The conspirators flee Rome and the scene ends with Antony being informed that Octavius and Lepidus have arrived at Caesar’s house.


This whole scene revolves round the two speeches, one by Brutus and the other by Mark Antony.  Both are made to the citizens of Rome who are fickle and can be easily swayed. Whereas Brutus’ speech written in prose is crude, does appeal to the rabble, Mark Antony’s speech is eloquent and inspirational, and quickly wins them back.  Brutus has to struggle with his audience to obtain their attention, whereas Mark Antony immediately gets their attention by entering carrying Caesar’s body.

The main thrust of the first speech, given by Brutus, is to justify Caesar’s death. Brutus says that Caesar was full of ambition, and that the plebeians would become slaves under Caesar’s rule. Eventually, Brutus convinces the crowd that they had good reason to murder Caesar, and the conspirators feel confident and secure.

When Antony delivers his dramatic and theatrical speech, he immediately has the attention of all those present.  Shakespeare shows his genius in creating a great speech, the style of which has been copied down the ages, and more recently by Hitler, Winston Churchill, John F. Kennedy, and Martin Luther King. 

The first rule in delivering a speech is to get the audience’s attention.  Antony did this by using Caesar’s body.  Hitler would wait until there was complete silence before starting his speeches.

You will note in Antony’s speech that certain words are repeated e.g. ‘honorable’ and ‘ambition’.  This style was used by Martin Luther King in his famous, ‘I have a dream’ speech. This is the second rule.

The third rule is to create an empathy with your audience. This Mark Antony does by speaking as if he is one of them, and is aware of the problems they have.  John F. Kennedy had this common touch.

The fourth and final rule is to tell the people what they want to hear.  Mark Antony uses the masterstroke of producing Caesar’s Will.  He tells the crowd that they will benefit from Caesar’s property. Winston Churchill certainly told the people of Britain what they wanted to hear during their darkest hour, which inspired them at boosted their morale.

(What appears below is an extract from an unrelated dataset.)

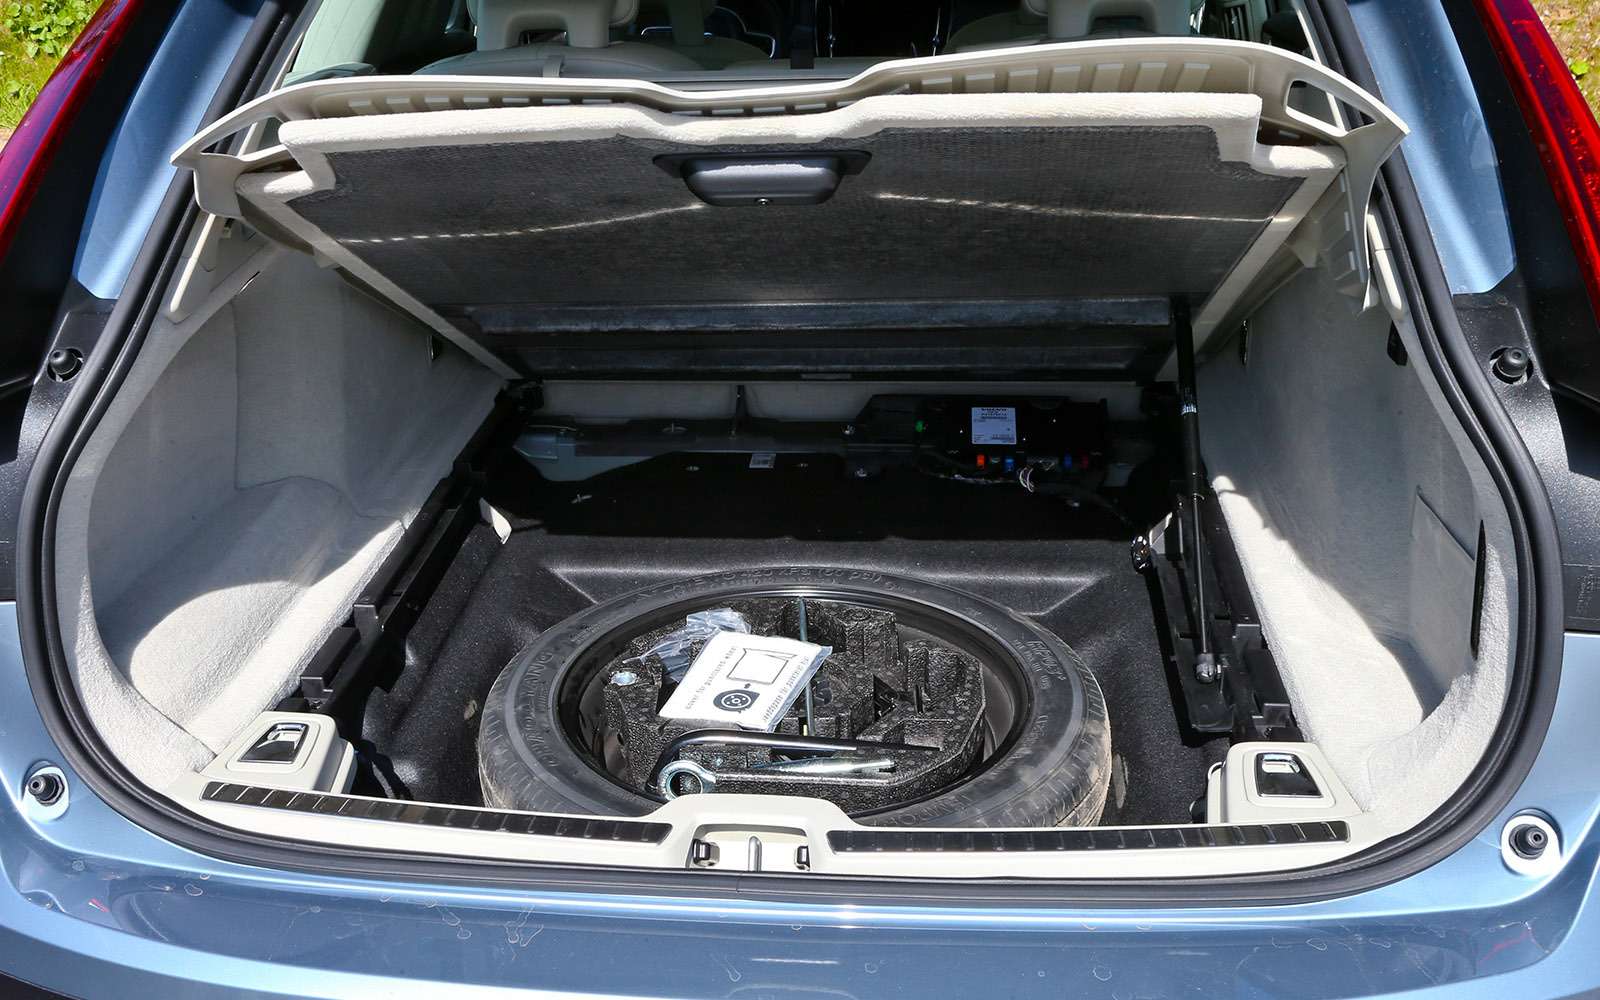 Габариты V90 относительно XC70 увеличились, а багажник… стал меньше. Рулонная штора отделяет салон от багажного отсека.  По правому борту – клавиши складывания спинок задних сидений.

It is fitting, therefore, to quote part of this speech, which is famous in the literary world, but the reader should study the whole passage in detail.

 “Friends, Romans, countrymen, lend me your ears!

 I come to bury Caesar, not to praise him.

 The evil that men do lives after them,

 The good is oft interred with their bones:

 So let it be with Caesar. The noble Brutus

 Hath told you Caesar was ambitious;

 If it were so, it was a grievous fault,

 And grievously hath Caesar answered it.

 Here, under leave of Brutus and the rest –

 For Brutus is an honorable man,

So are they all, all honorable men -”

Not only does Antony obtain the support of the crowd, but he also incites them into a lawless mob, and the conspirators have to flee for their lives.  As the speech develops, Antony uses props in order to emphasize certain passages, and in particular he uses Caesar’s stab wounds as a final image, which in the end do the speaking for him.

 “If you have tears, prepare to shed them now.

 You all do know this mantle.  I remember

 The first time ever Caesar put it on,

 Look, in this place ran Cassius’ dagger through;

 See what a rent the envious Casca made;

 Through this the well-beloved Brutus stabbed.”.